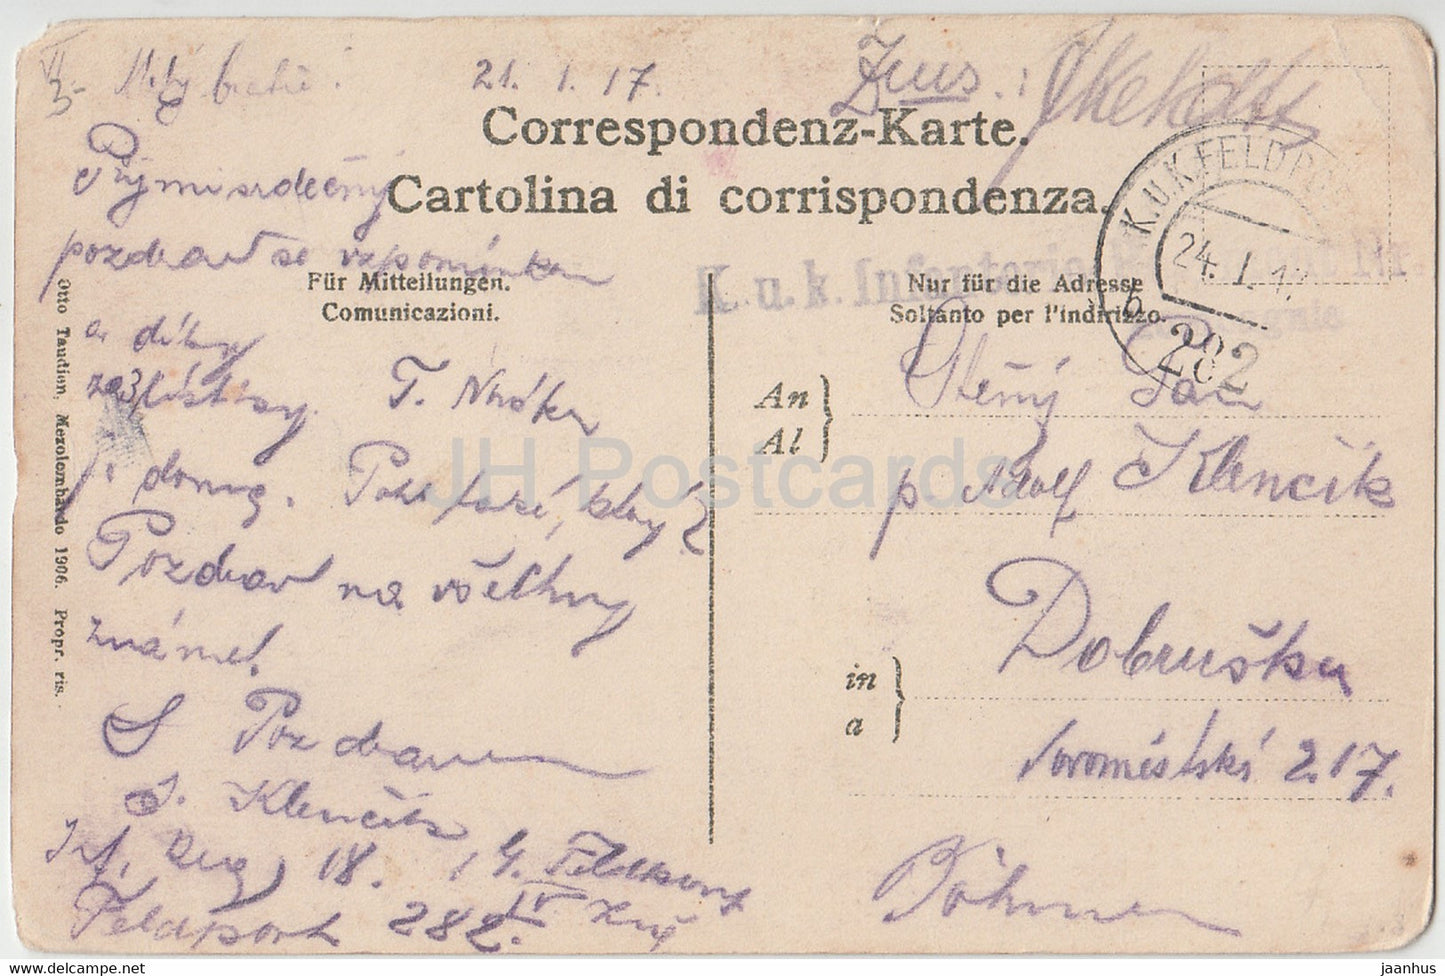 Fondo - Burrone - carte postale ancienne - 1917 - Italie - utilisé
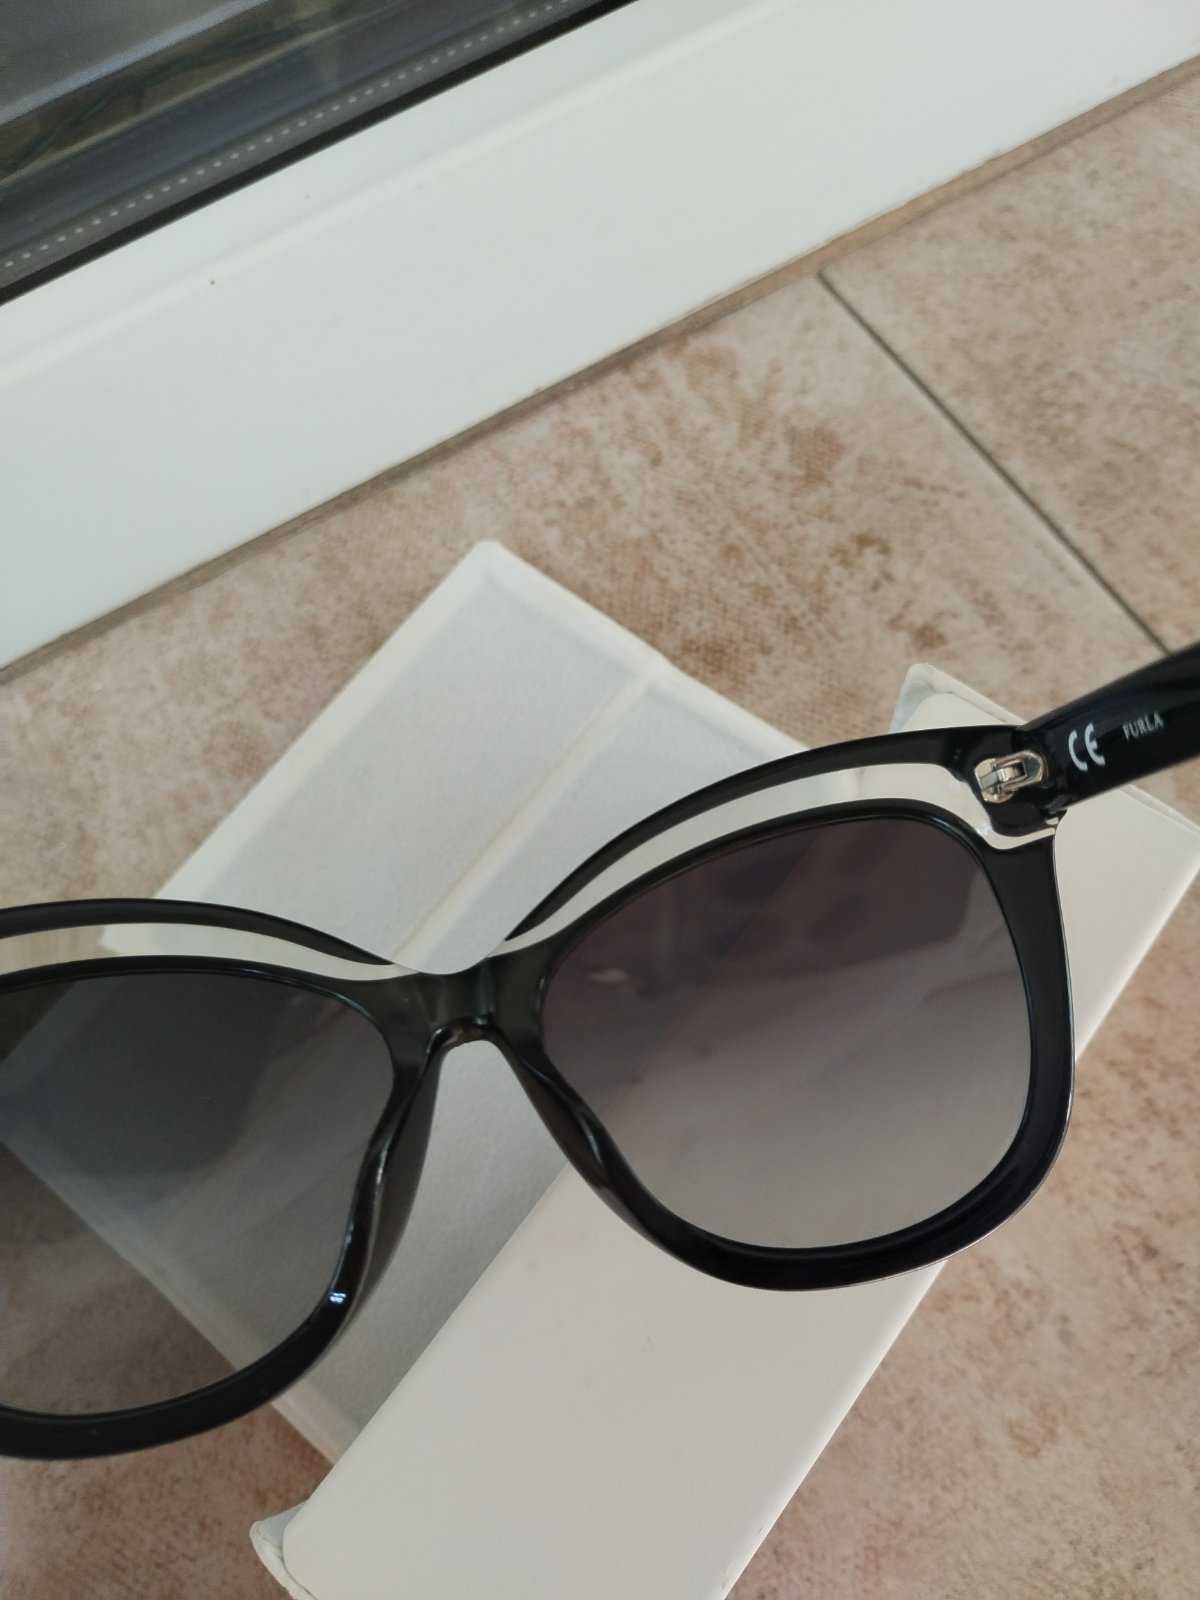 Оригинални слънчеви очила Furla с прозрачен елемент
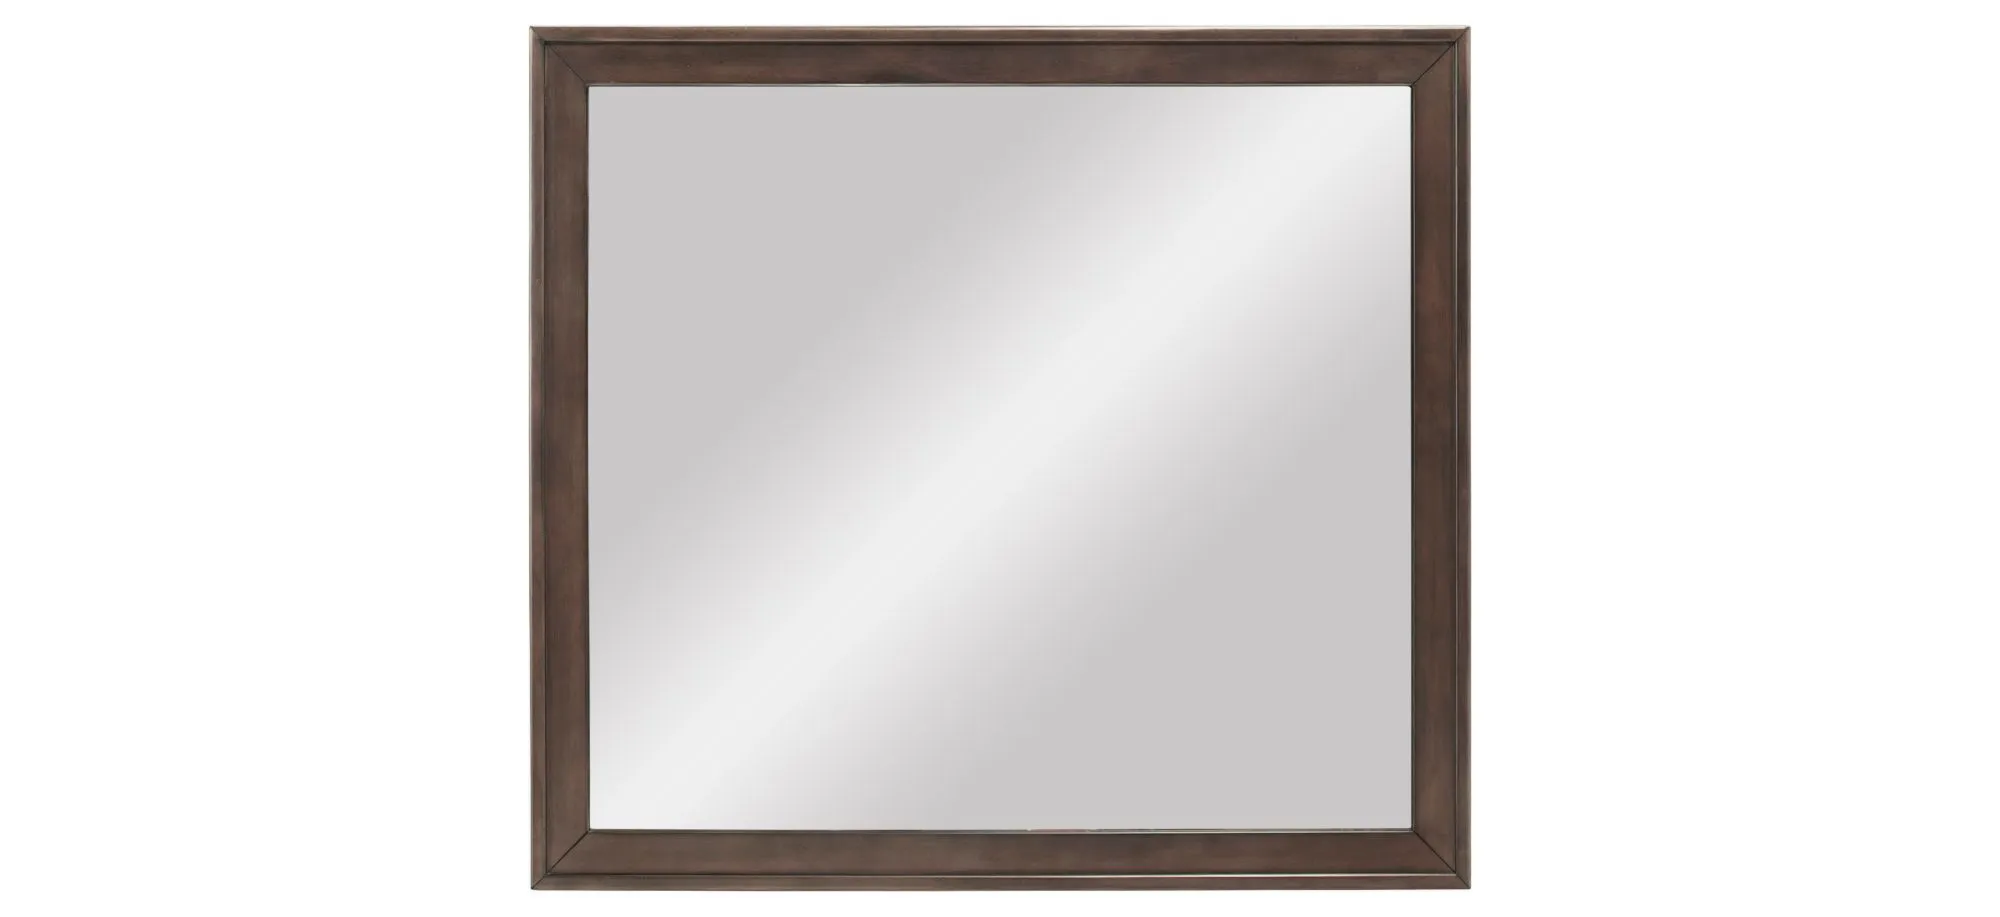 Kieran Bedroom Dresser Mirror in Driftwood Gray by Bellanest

------

→ What you have to do
The task calls for duplicating the data exactly, with no images kept.

→ Response to this task
 Fondo - Burrone - carte postale ancienne - 1917 - Italie - utilisé
 Оригинални слънчеви очила Furla с прозрачен елемент
 Kieran Bedroom Dresser Mirror in Driftwood Gray by Bellanest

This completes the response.